El ensamblaje in vivo es un método de clonación independiente de la ligadura que se basa en enzimas intrínsecas de reparación del ADN en bacterias para ensamblar fragmentos de ADN por recombinación homóloga. Este protocolo es rentable y rentable, ya que se requieren pocos reactivos y la eficiencia de la clonación puede ser de hasta el 99 %.

Resumen

El ensamblaje in vivo (IVA) es un método de clonación molecular que utiliza enzimas intrínsecas presentes en bacterias que promueven la recombinación intermolecular de fragmentos de ADN para ensamblar plásmidos.

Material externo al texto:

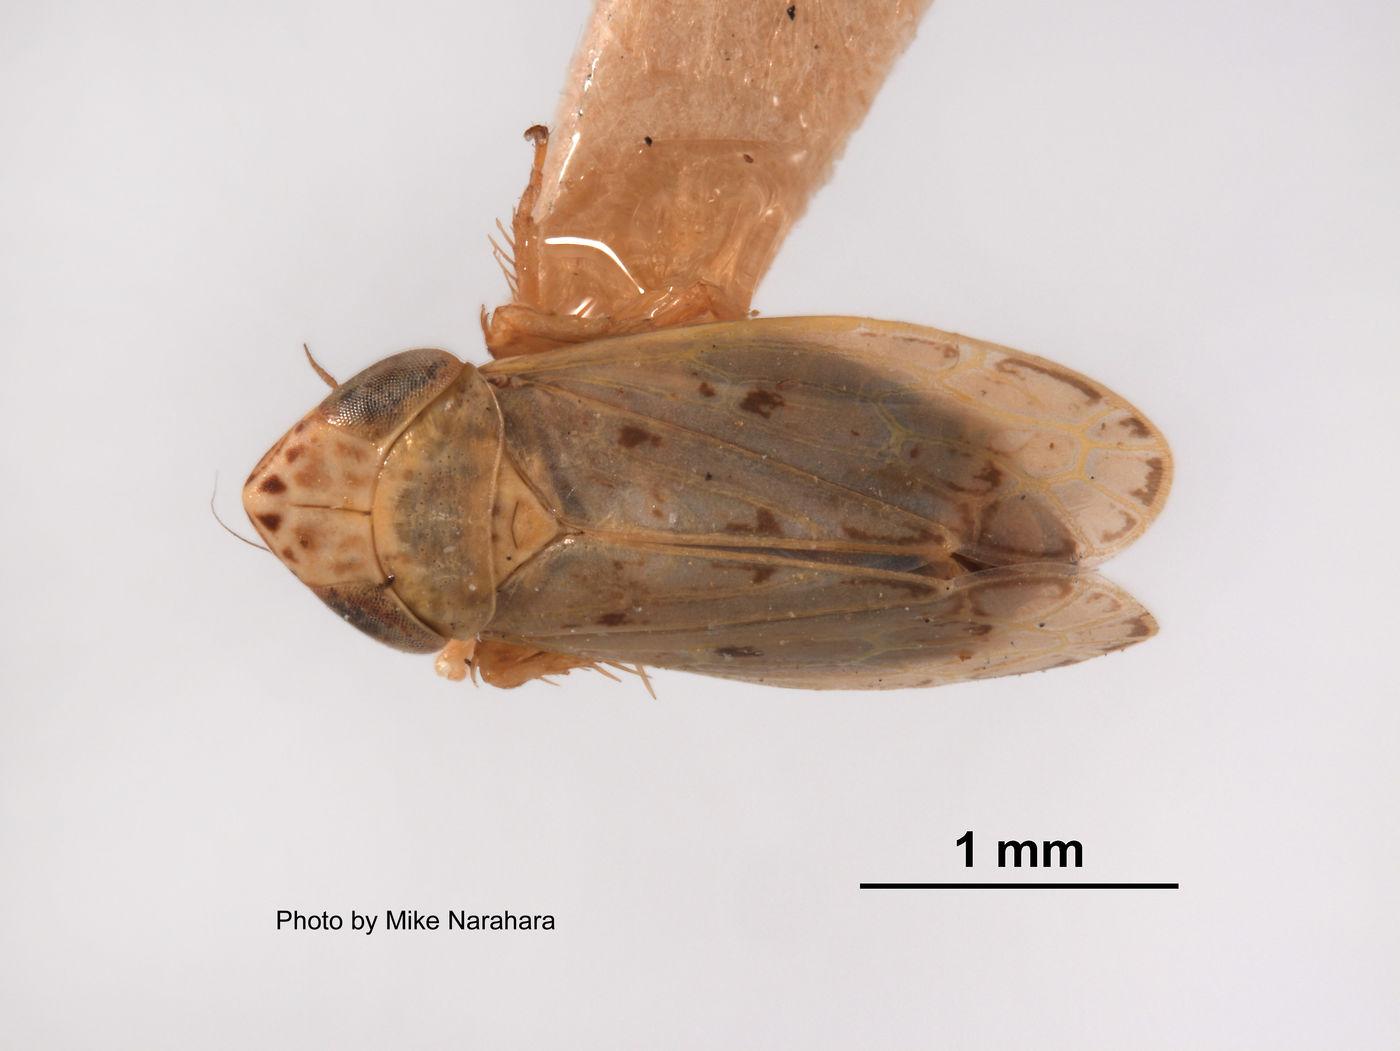 Deltocephalus cahuilla image
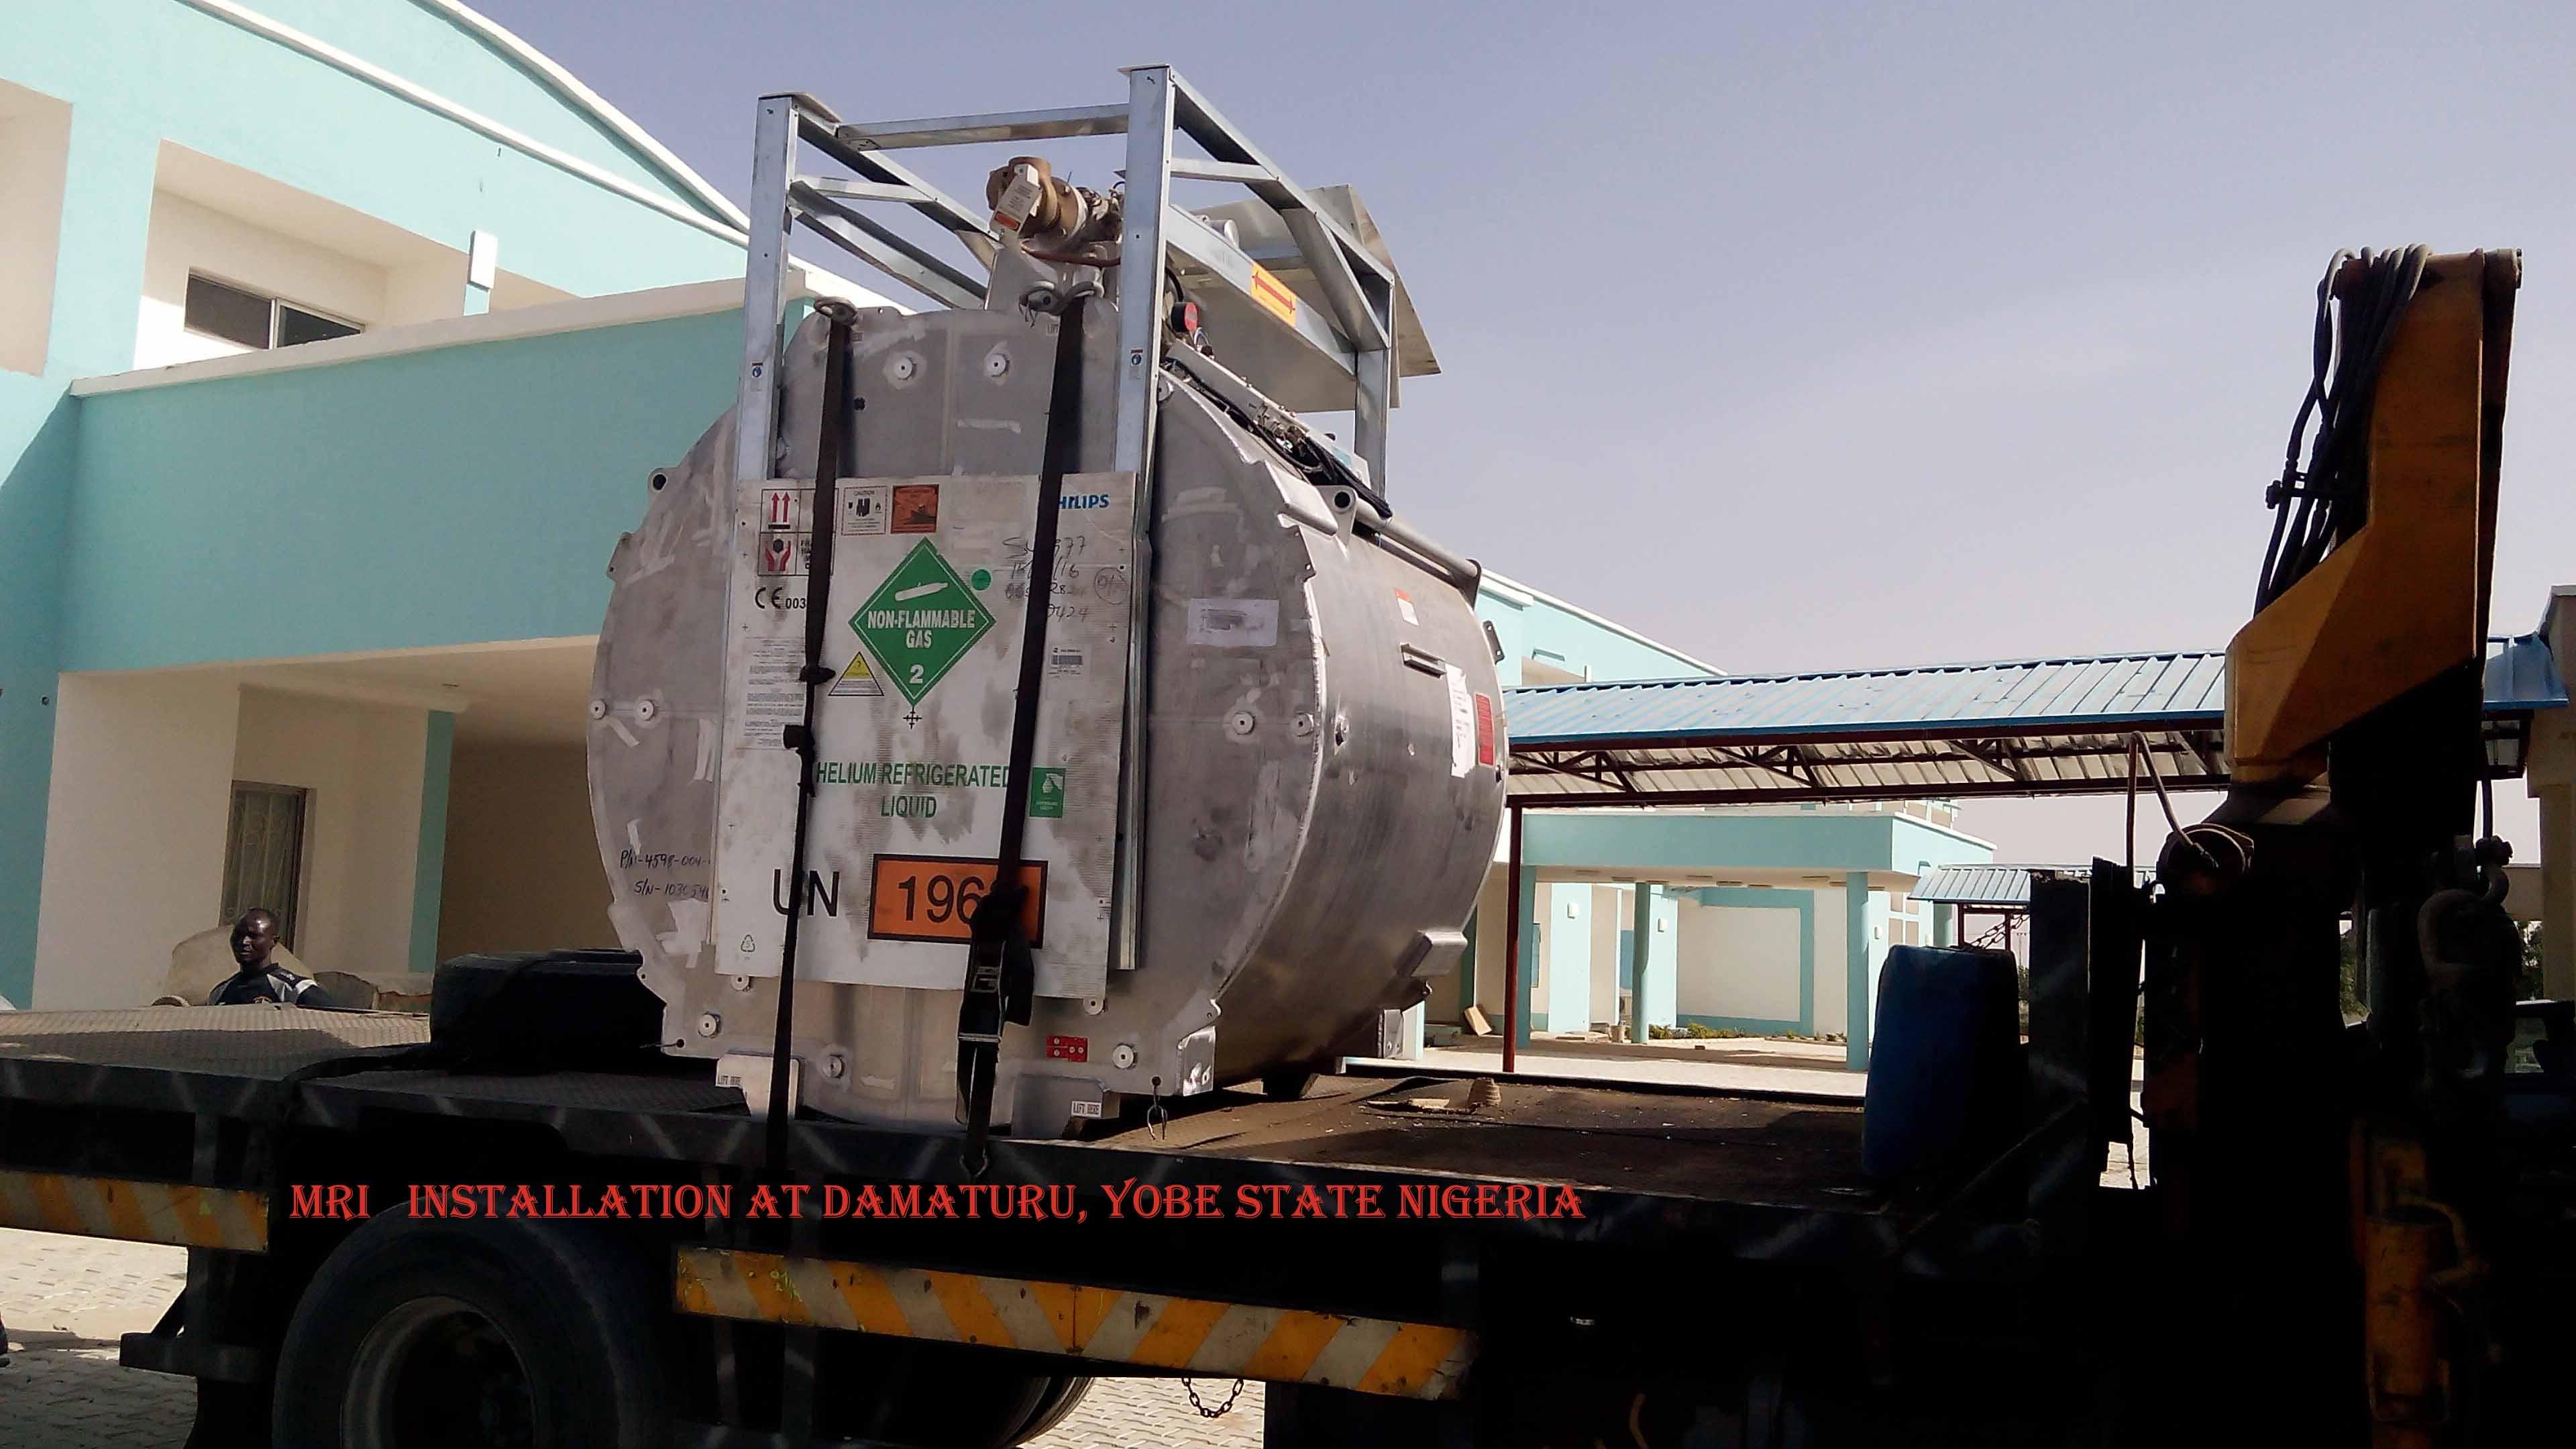 Complete Installation of MRI 1 5T Carl Novel@Damaturu, Yobe State

Este método funciona transformando fragmentos de ADN con regiones de 15-50 pb de homología en cepas de Escherichia coli de laboratorio de uso común, y las bacterias utilizan la vía de reparación independiente de RecA para ensamblar los fragmentos de ADN en un plásmido. Este método es más rápido y rentable que muchos métodos de clonación molecular que se basan en el ensamblaje in vitro de plásmidos antes de su transformación en cepas de E. coli. Esto se debe a que los métodos in vitro requieren la compra de enzimas especializadas y la realización de reacciones enzimáticas secuenciales que requieren incubaciones. Sin embargo, a diferencia de los métodos in vitro, no se ha demostrado experimentalmente que IVA ensamble plásmidos lineales. Aquí compartimos el protocolo IVA utilizado por nuestro laboratorio para ensamblar rápidamente plásmidos y subclonar fragmentos de ADN entre plásmidos con diferentes orígenes de replicación y marcadores de resistencia a antibióticos.

Introducción

La clonación molecular engloba una serie de técnicas de laboratorio necesarias para producir plásmidos que contienen ADN recombinante específico1. Estas técnicas ubicuas a menudo actúan como un cuello de botella en el flujo de trabajo experimental2. Muchas técnicas de clonación molecular se basan en el ensamblaje de fragmentos de ADN in vitro mediante una serie de reacciones enzimáticas antes de la transformación en una cepa huésped (por ejemplo, Escherichia coli DH5a) para la amplificación 3,4,5,6,7. Dado que los métodos de ensamblaje de plásmidos in vitro se basan en enzimas, la compra o purificación de enzimas puede ser costosa y llevar mucho tiempo.

El ensamblaje in vivo (IVA) es un método de clonación molecular que se basa en la recombinación intermolecular de fragmentos de ADN en un huésped adecuado 8,9,10,11,12. La base de este método fue la observación de que las cepas de clonación recA-clonación comúnmente utilizadas podrían mediar la recombinación intermolecular de un cebador monocatenario con un plásmido escindido por enzimas de restricción13. En la década de 1990 se describió el uso de la PCR para generar extremos de ADN homólogos para el ensamblaje de plásmidos en E. coli y este método se denominó PCR de recombinación 3,14. Se reportó que la eficiencia de la PCR por recombinación fue de aproximadamente el 50%14. Sin embargo, este método no fue ampliamente adoptado, probablemente debido al alto costo de los cebadores y al riesgo de introducir mutaciones no deseadas utilizando polimerasas de baja fidelidad para amplificar grandes fragmentos de ADN. Estos inconvenientes eran importantes en el decenio de 1990 y podían evitarse utilizando métodos de clonación in vitro, como la clonación mediada por enzimas de restricción.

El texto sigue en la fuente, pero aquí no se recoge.